I froze.
A figure loomed behind me, too tall to be my maid. My hand closed around the diamond.
“Clymene will find them in the morning, I’m sure.” Menelaus’s fingers slid down my neck and along my spine, prickling my skin. “I sent her to the feast. Agamemnon should keep her occupied until dawn.”
“You shouldn’t be here.” I slipped out from under his hands but did not turn to face him. My heart pounded in my ears.
Clymene was with Agamemnon. Leda would not check on me; she barely even looked at me. And Nestra no longer shared my room. Clymene had been my only protection, but she would obey Agamemnon and Menelaus as she would my father or brothers. All the servants did.
“I could not stand to think you would go to your bed still angry. If you had only come to me earlier, I would not have been forced to climb in through your window like a common thief, but I had to speak with you.” He touched my hair again, and I willed myself not to flinch. “I don’t know what I said to upset you this morning, but whatever it is, I apologize a hundred times. A thousand. Surely you understand it is only that I love you too much—”
“It doesn’t matter,” I said, interrupting him. I could not stand to hear more of his love. Not when he showed no regard for my own feelings. “No matter what you say, or how many times you apologize, tomorrow you will still look at me as though you own me. You still consider me to be your prize.”
“When all this madness is over, we’ll be married. Tyndareus only waits for his guests to leave to announce it.” His hand fell to my shoulder, his thumb sliding over the sleeve of my gown and slipping it down my arm. “Clytemnestra will be given to Agamemnon and be made queen of Mycenae. Even she can’t complain about such an arrangement. And you and I, we will be free to love each other openly.”
“No.” I fought back the tears pressing behind my eyes. Tyndareus could not have done this to me. Not without my agreement. Not without at least consulting Pollux and Castor. Surely my brothers would not have kept this from me. “Menelaus, it is not so simple. You know it isn’t.”
“I told you Agamemnon would keep his word,” he said, kissing my shoulder. “Tyndareus has always hoped we would marry. Did you never wonder why I sought you out, even when you were still so young? Once I knew you, it hardly mattered how it had begun. You were so sweet to me as a child, so delighted with my attentions. How could I resist?”

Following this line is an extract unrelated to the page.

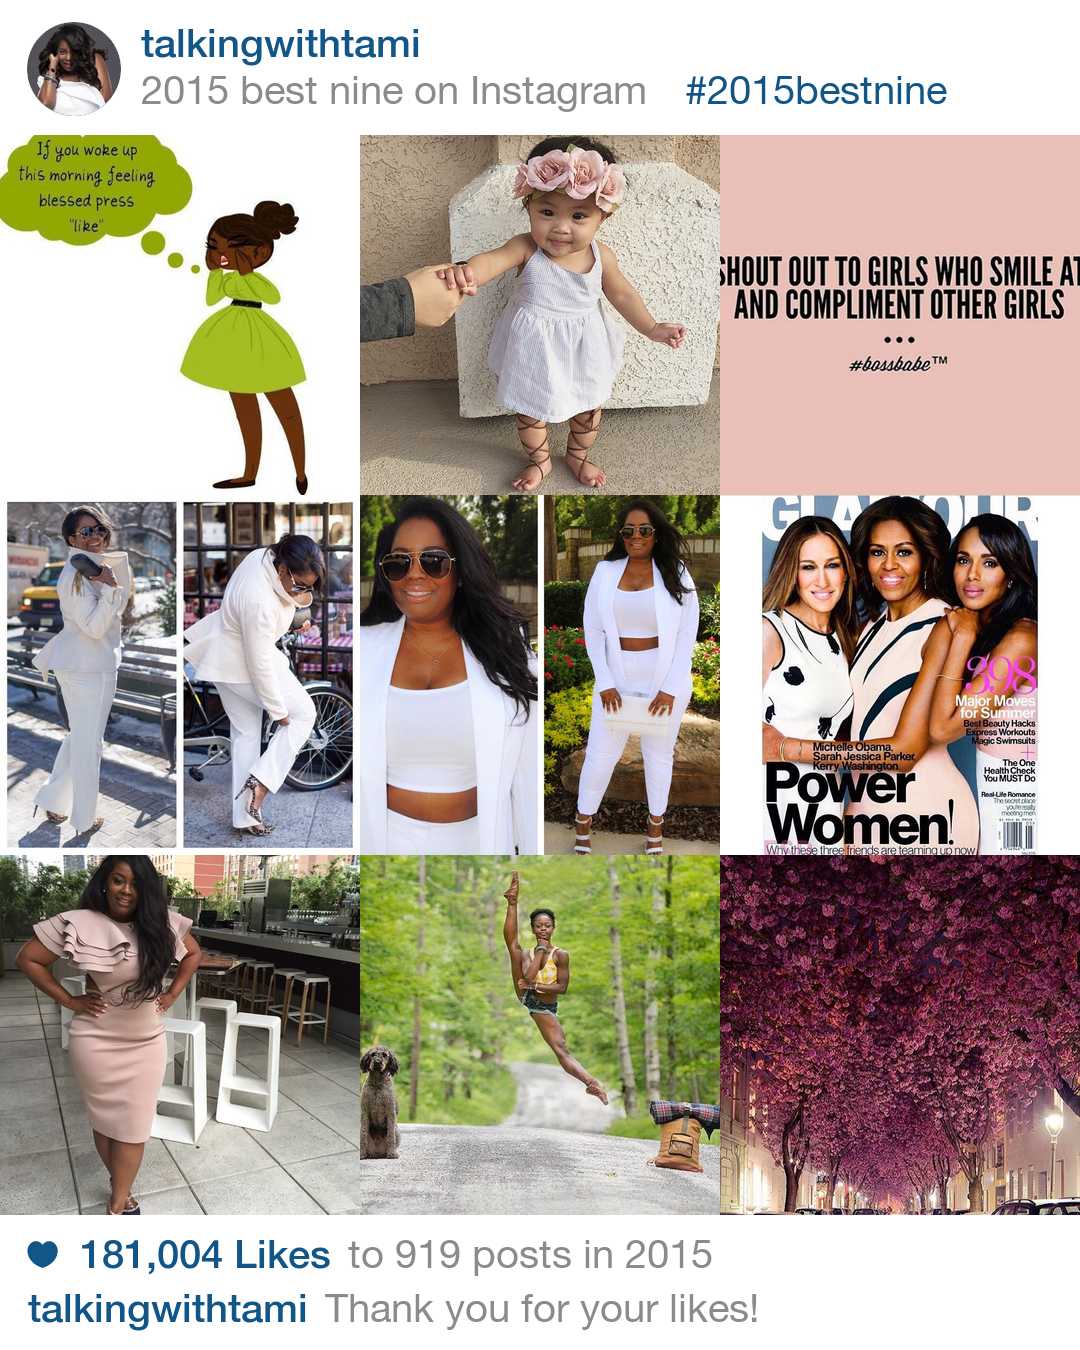 How To Make A ‘Best Nine’ On Instagram To Sum Up 2015

“But you can’t. He wouldn’t.” I turned to face him.
The line of his mouth in the moonlight showed no kindness, and his eyes glinted with a hardness I had never seen before. It reminded me too much of Agamemnon and the way he stared at serving girls. The way he had stared at me during the banquet.
“You can’t want this,” I said. “The future it will bring. The war. You can’t want to have me this way. To put me in the path of harm, and your brother—”
“You should be grateful,” he said before I could speak further, as if he had plugged his ears against my words. “If I had not bargained with my brother, leveraged my support in his desire for Mycenae, Agamemnon would have taken you for himself, instead. Can you imagine? You say I only look upon you as another prize to be won, but at least I can give you my affections, my love. My brother never understood. He never realized how much more you are than just your beauty and your kingdom. But I do. I know you, Helen.”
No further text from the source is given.